** TASK BRIEF **
Transcribe exactly, leaving out pictures, the lines from the one that holds "Students Sylvia Grabicki, Laryssa" through the end of the data below, including both end lines and no others.

** DATA SHOWN **
□ □ □ □ □ □ □

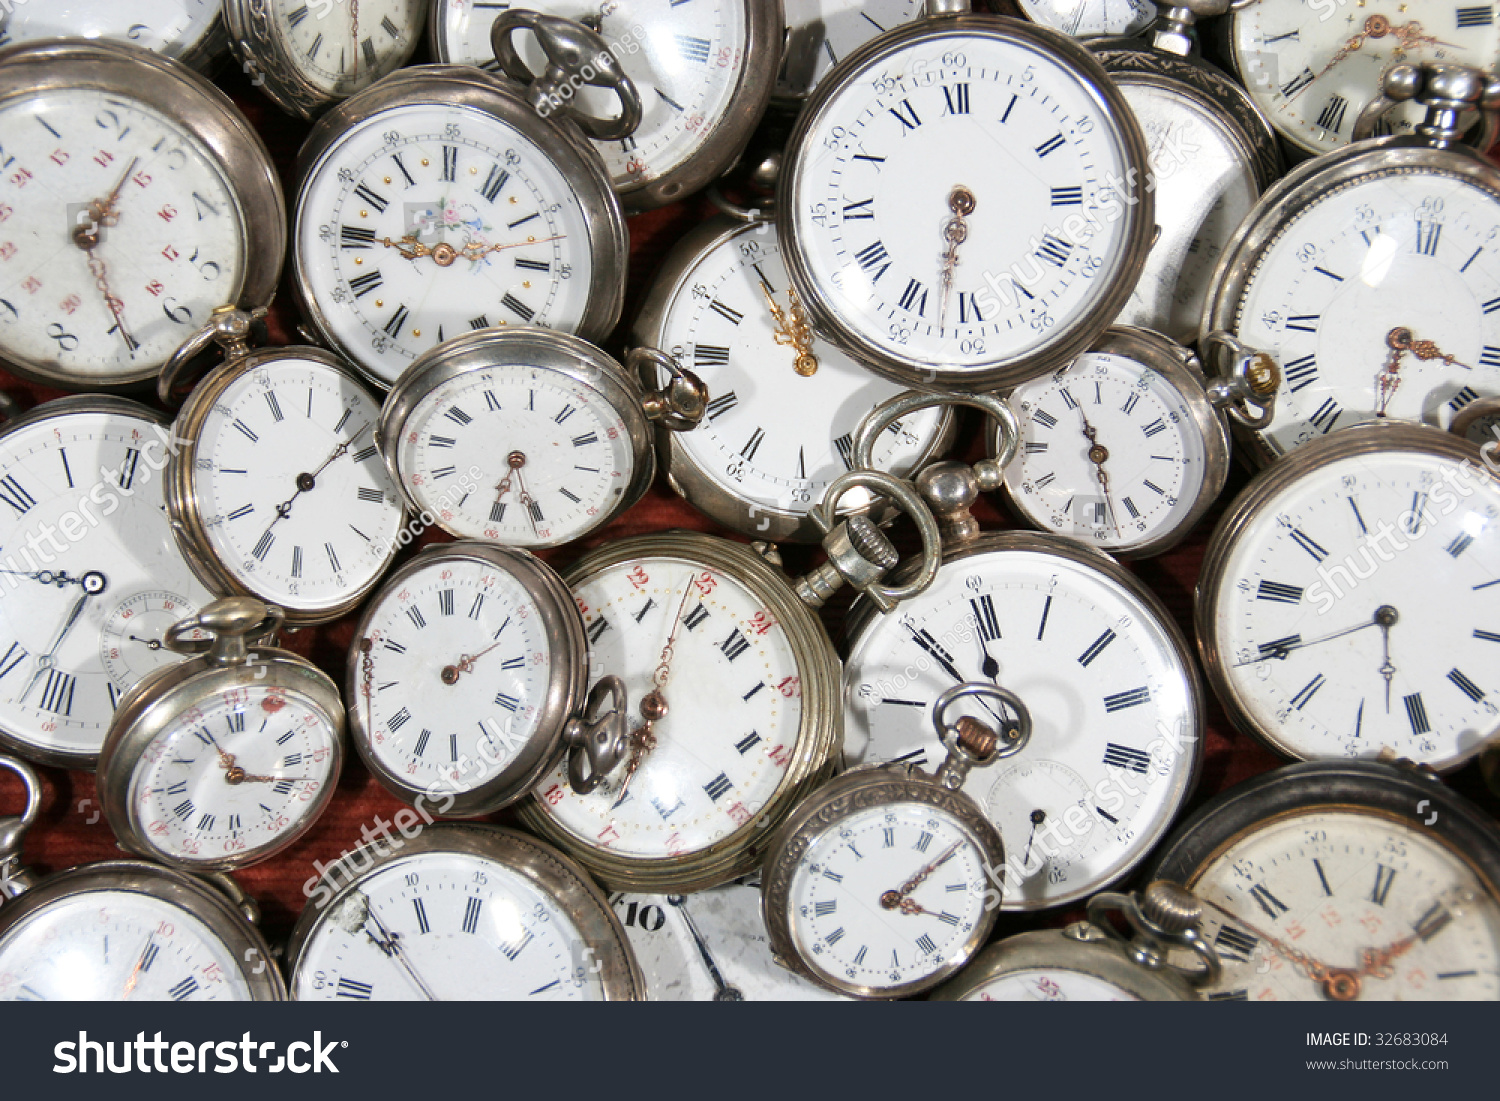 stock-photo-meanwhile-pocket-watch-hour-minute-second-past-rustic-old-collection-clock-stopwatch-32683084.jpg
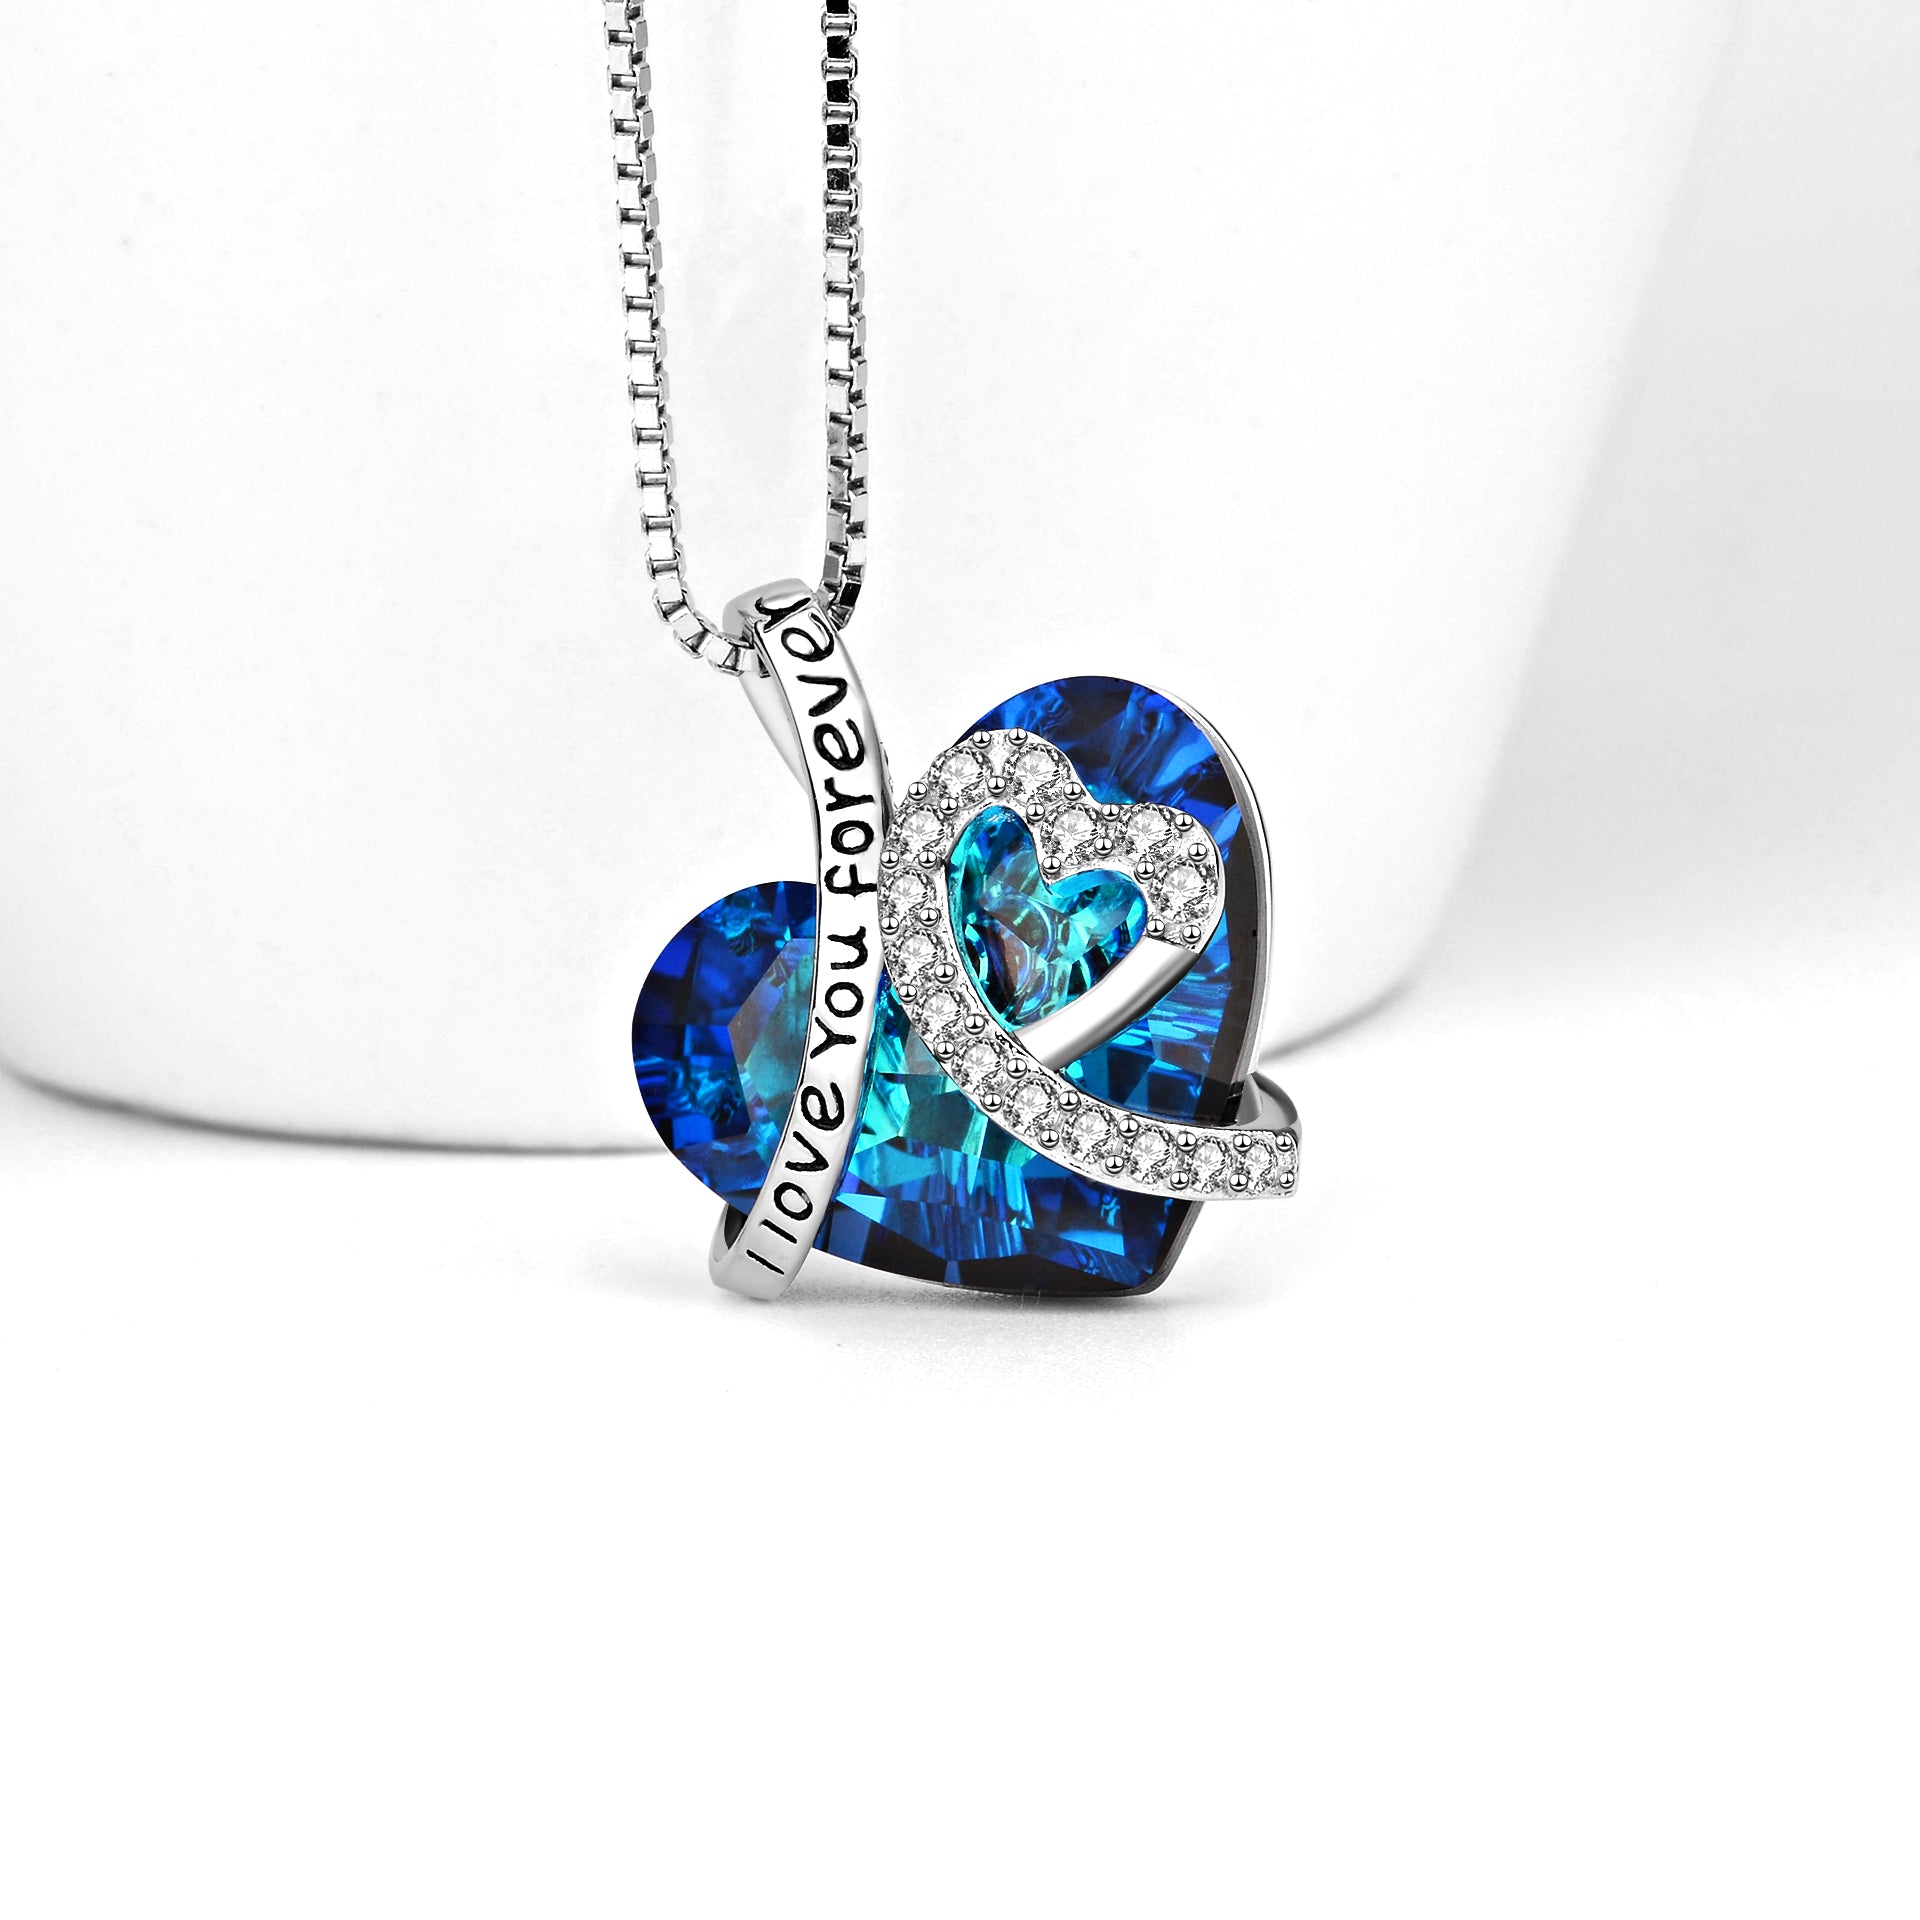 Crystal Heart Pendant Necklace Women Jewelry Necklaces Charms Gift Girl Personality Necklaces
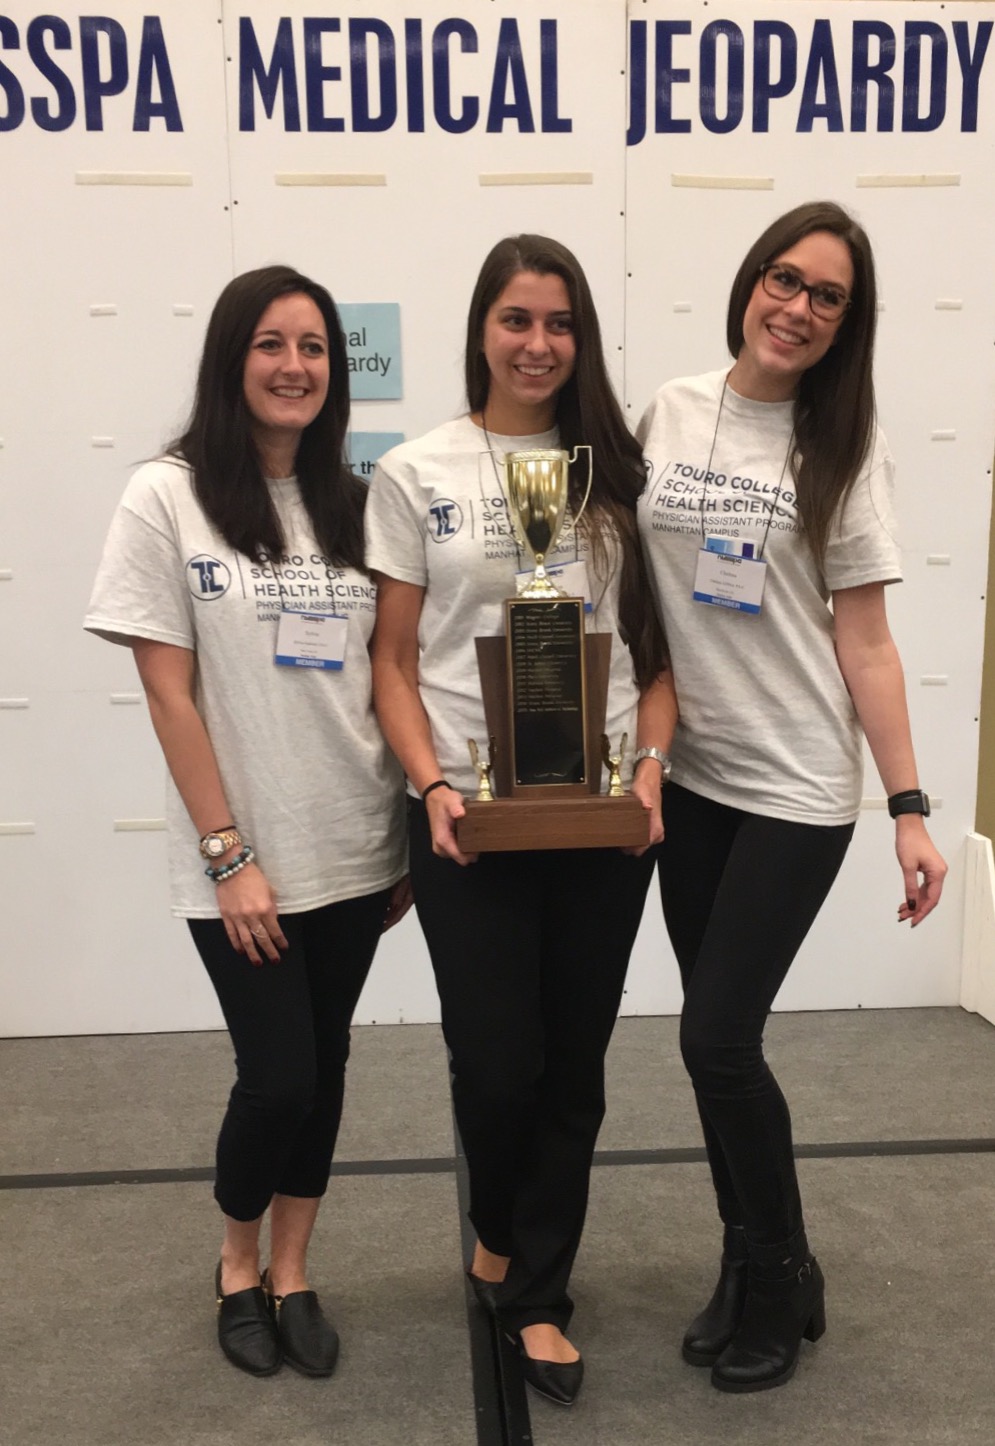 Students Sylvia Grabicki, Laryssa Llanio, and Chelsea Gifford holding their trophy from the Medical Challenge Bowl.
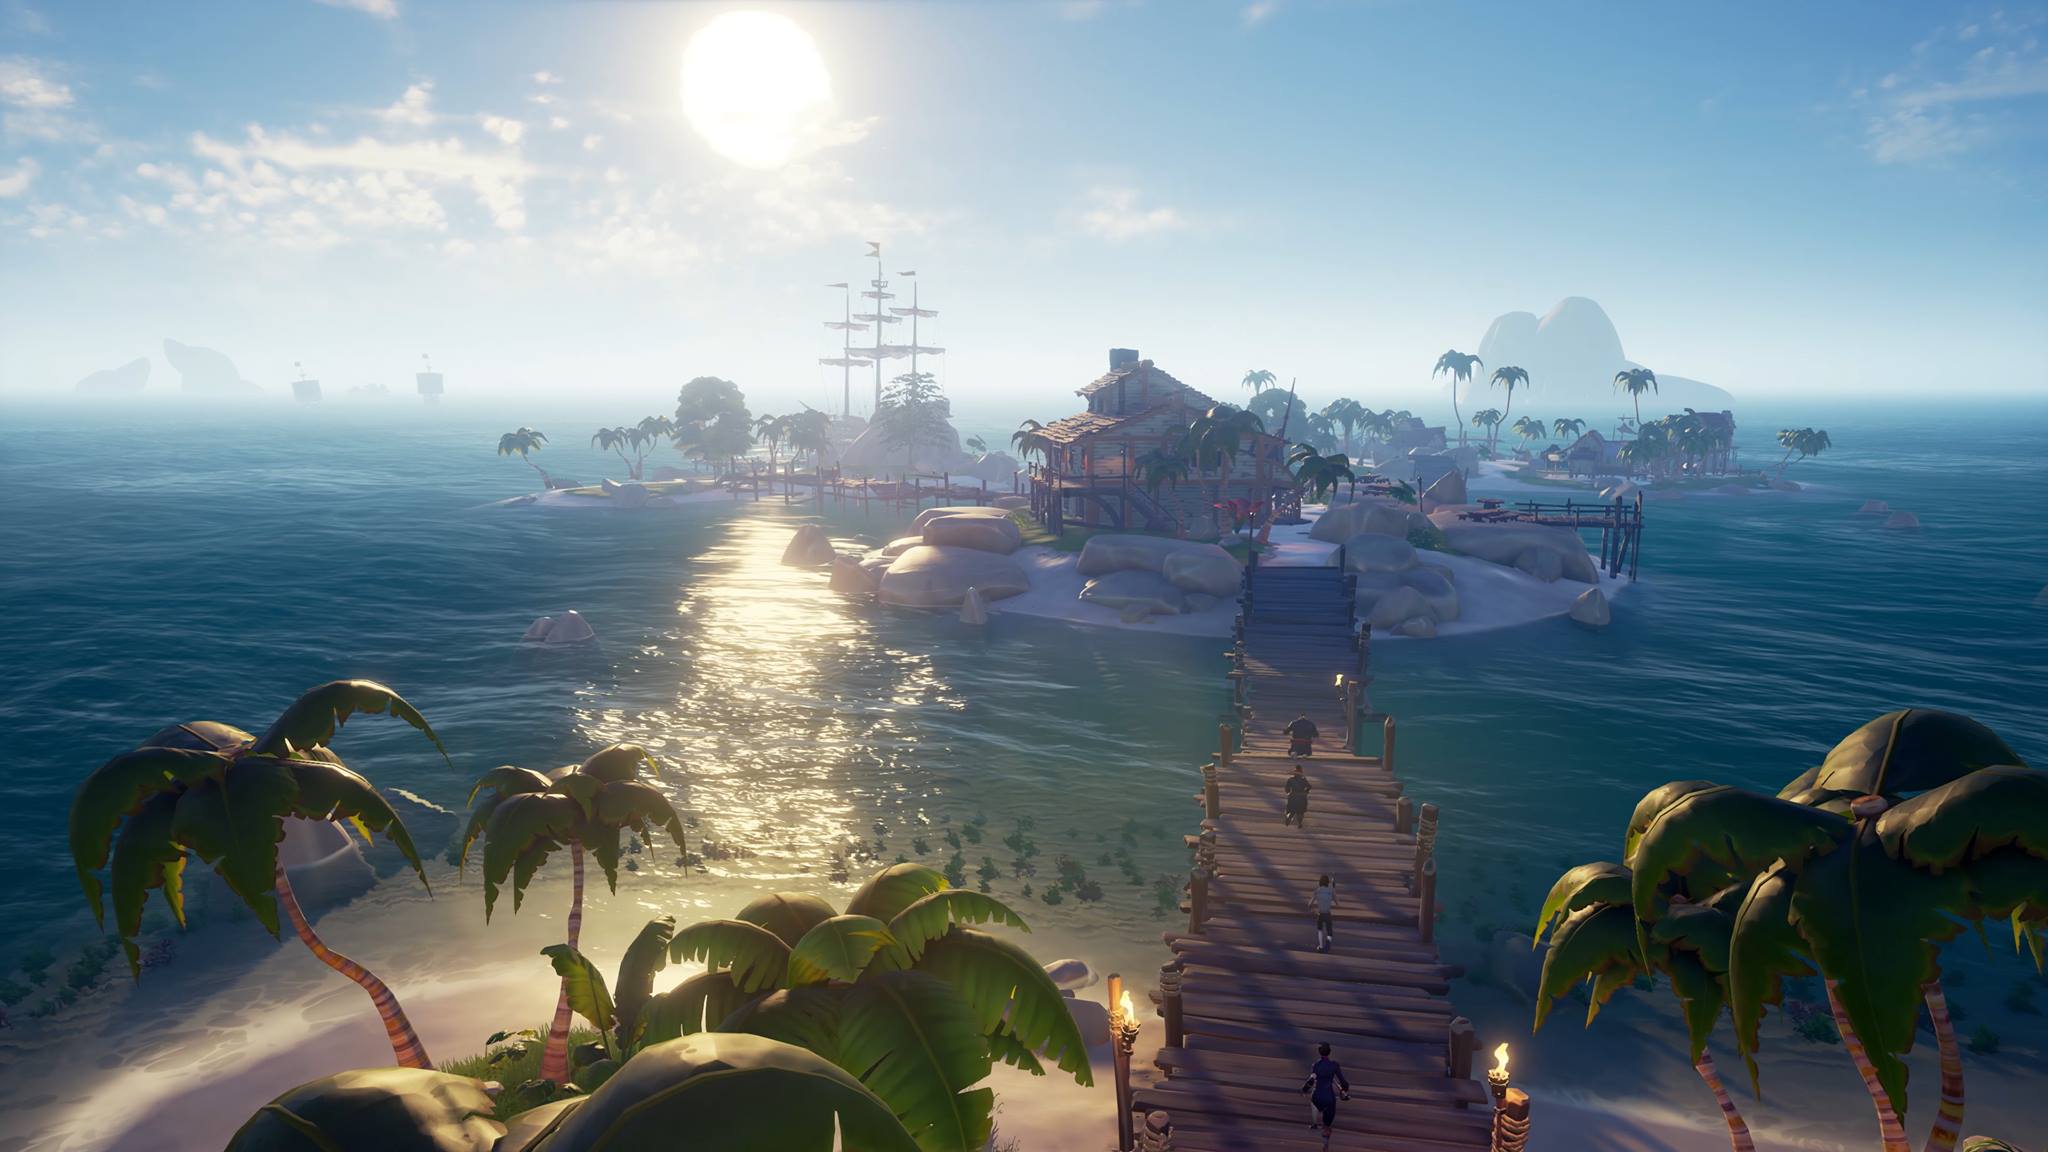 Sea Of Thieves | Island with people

□ □ □ □ □ □ □

** RESULT OF THE EXERCISE **
 Students Sylvia Grabicki, Laryssa Llanio, and Chelsea Gifford holding their trophy from the Medical Challenge Bowl.
 Sea Of Thieves | Island with people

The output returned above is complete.